Your next question comes from Kalei Akamine with Bank of America.

K
Kaleinoheaokealaula Akamine
analyst

I'm going to follow up on a couple of things here. I guess, firstly, my first question is on the '25 guide. From our perspective, production could have been a touch higher proportion to the spend when we consider the progress that you guys have made on the facilities capital side and the productivity side, with Alberta Deep Basin kind of being the case in point. So my question is, what efficiencies have you realized recently? Are they underwritten in this budget? And why wouldn't there be upside to your '25 guide?

M
Michael Rose
executive

Well, we have left some upside in the '25 guide, and we haven't carried through the well performance in the Deep Basin that we've experienced in '24 yet.
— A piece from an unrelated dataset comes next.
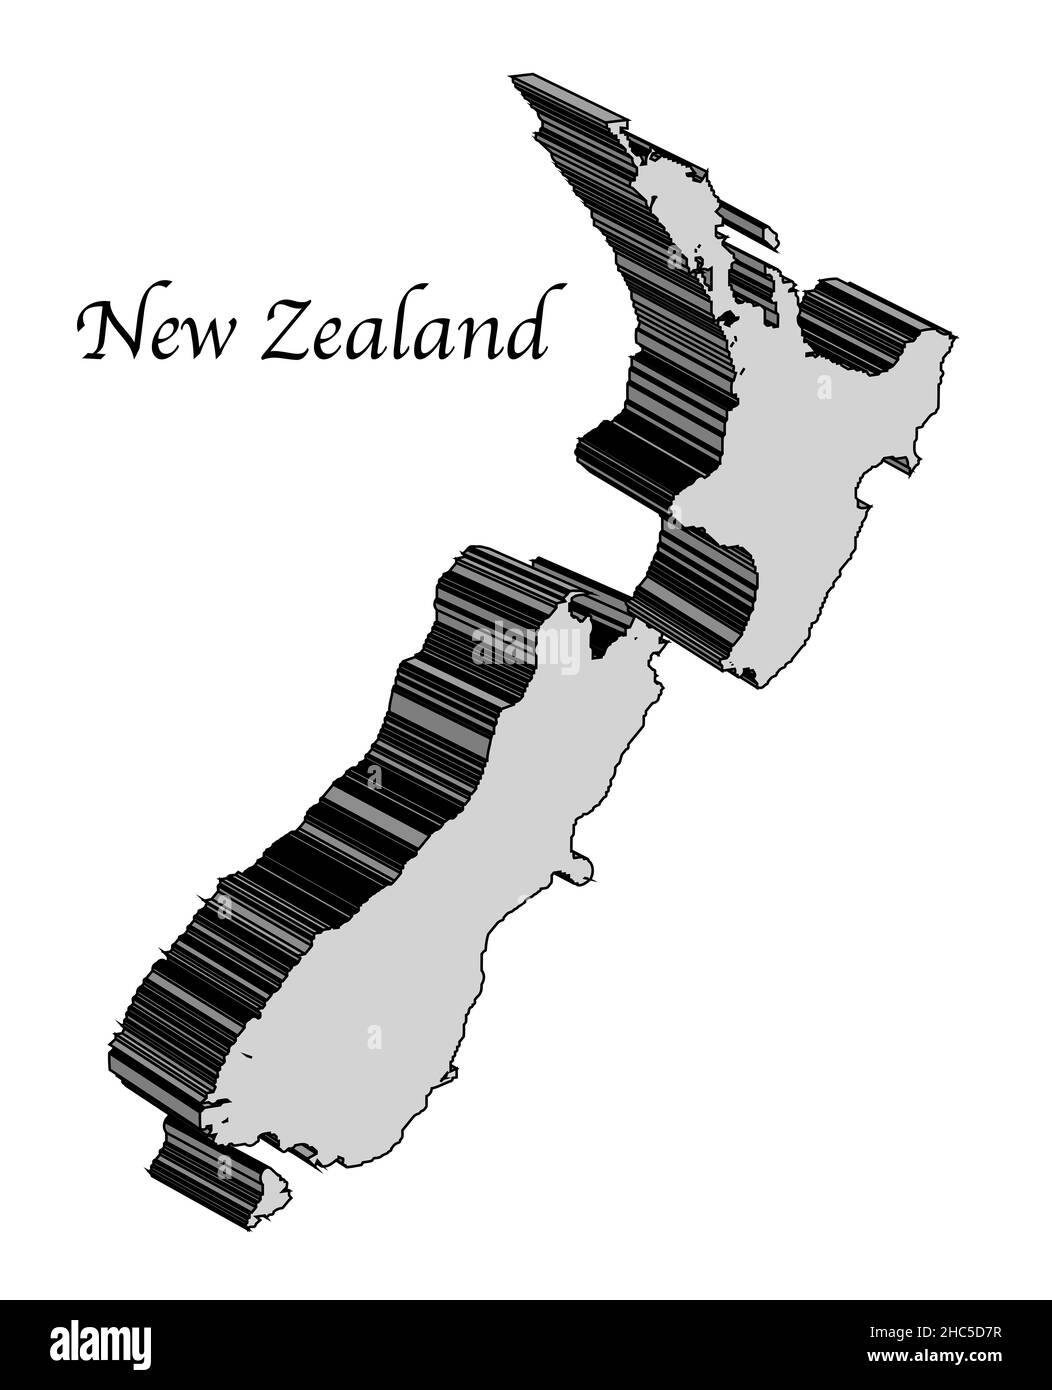 Plan 3D carte de la Nouvelle-Zélande sur fond blanc Banque D'Images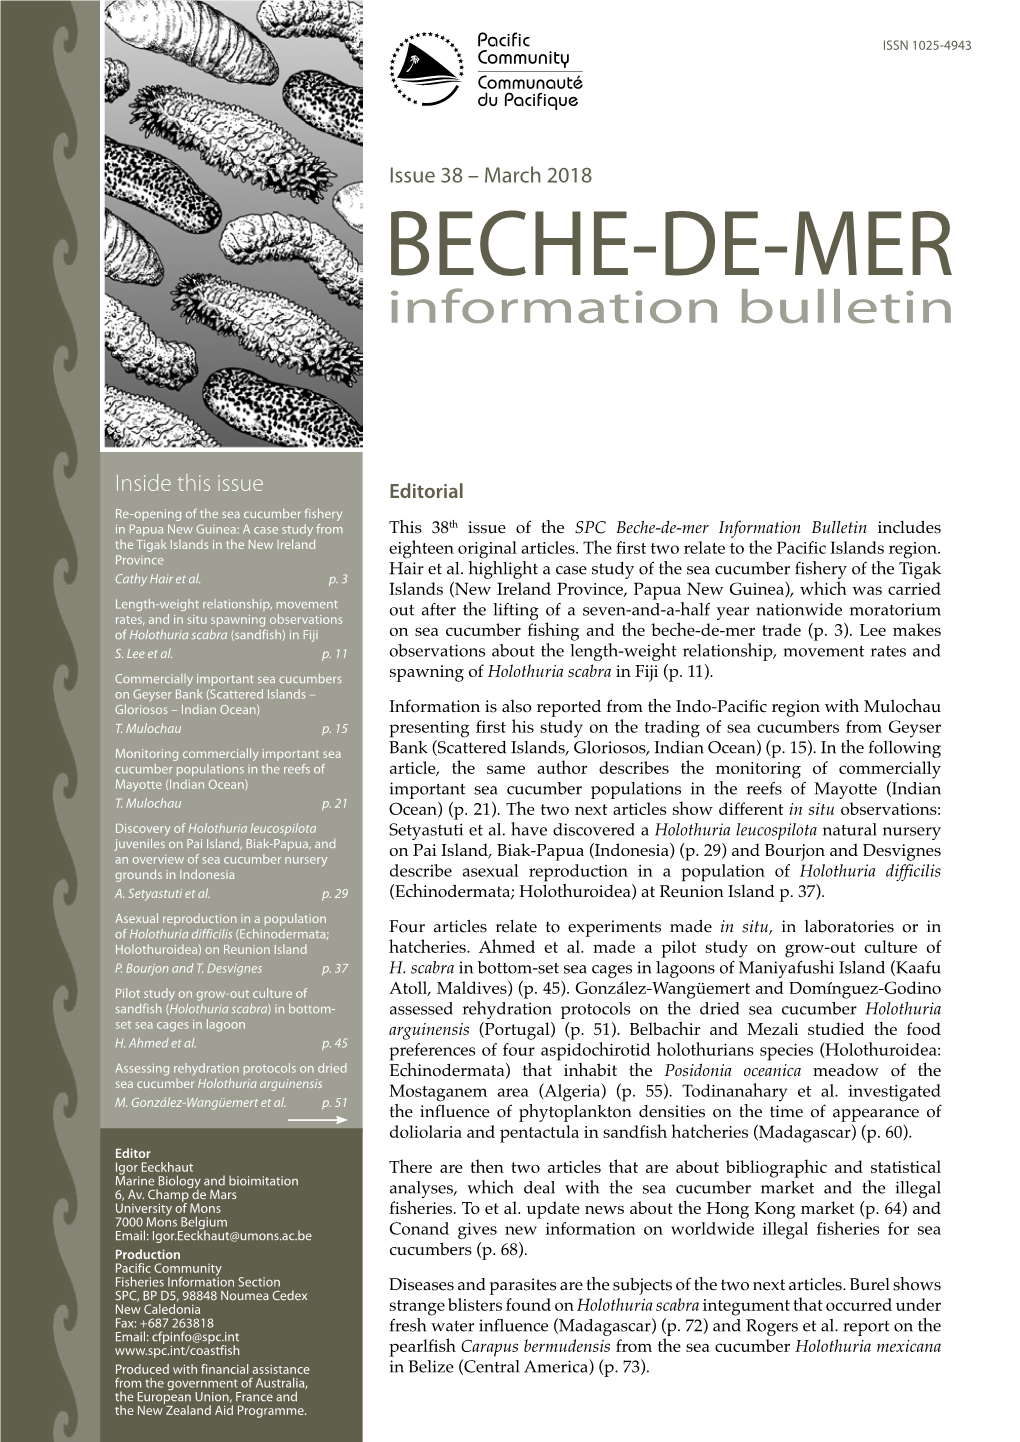 SPC Beche-De-Mer Information Bulletin Includes the Tigak Islands in the New Ireland Province Eighteen Original Articles

So we're trying to -- tend to be a little bit more conservative. And we'll see how it plays out.

K
Kaleinoheaokealaula Akamine
analyst

I appreciate that, Mike. My second question is on the decision to build the DUCs in the first half of the year. I get wanting to be ready to respond to higher prices, but it seems that your peers are already taking that position. So maybe rather than push more molecules into the basin, why not save that drilling and frac capital for the special, and then come back when the market is more supportive?

M
Michael Rose
executive

Yes. I mean, that's a good point. We've decided to get the pads drilled out so that we can respond. Bear in mind that most of the gas growth that we've accomplished over the past 2 or 3 years, we've matched up to egress out of the basin so that we're not clogging up AECO and Station 2. And we do realize good prices with those volumes, particularly going to California or down to the Gulf Coast with our modest LNG volumes that began in January of 2023.

Operator

Your next question comes from Fai Lee with Odlum Brown.

F
Fai Lee
analyst

Mike, I'm just wondering, not looking for a forecast or predictions, but just wondering if you have any thoughts on the AECO strip pricing that's reflected in your 5-year plan, particularly top 2025, do you see more upside with LNG Canada coming -- demand...

M
Michael Rose
executive

Keep going, sorry.

F
Fai Lee
analyst

Yes, yes. No, I'm just wondering what your thoughts are on that, right? At $3 gas, it doesn't seem that exciting. But I'm just wondering if you have more...

M
Michael Rose
executive

Well, we agree with you. We think the AECO strip is understating what the impact of the ultimate start-up of LNG Canada will do. We see most -- almost all the volumes required for the initial 2 Bcf a day in the system now. So that gas is going to get pulled left, and we don't think that's reflected in the current differential at all. So we expect that to snap back in when appreciable volumes are getting shipped west, and that the AECO strip in the out years on the AECO strip will improve. But for now, we always honor the strip in our guidance and our 5-year plan. So we'll live with it, but I think there's certainly upside there.

F
Fai Lee
analyst

Okay. I appreciate it. I know you use the strip, but I just was curious about that.

M
Michael Rose
executive

Yes. Sometimes, we'd like not to.

Operator

There are no further questions at this time. I would like to turn the call back over to Scott Kirker.

W
W. Kirker
executive

Thanks, operator. And thanks, everyone, for your time today. We look forward to chatting with you at the end of next quarter.

Operator

Ladies and gentlemen, this concludes today's conference call. Thank you for your participation. You may now disconnect.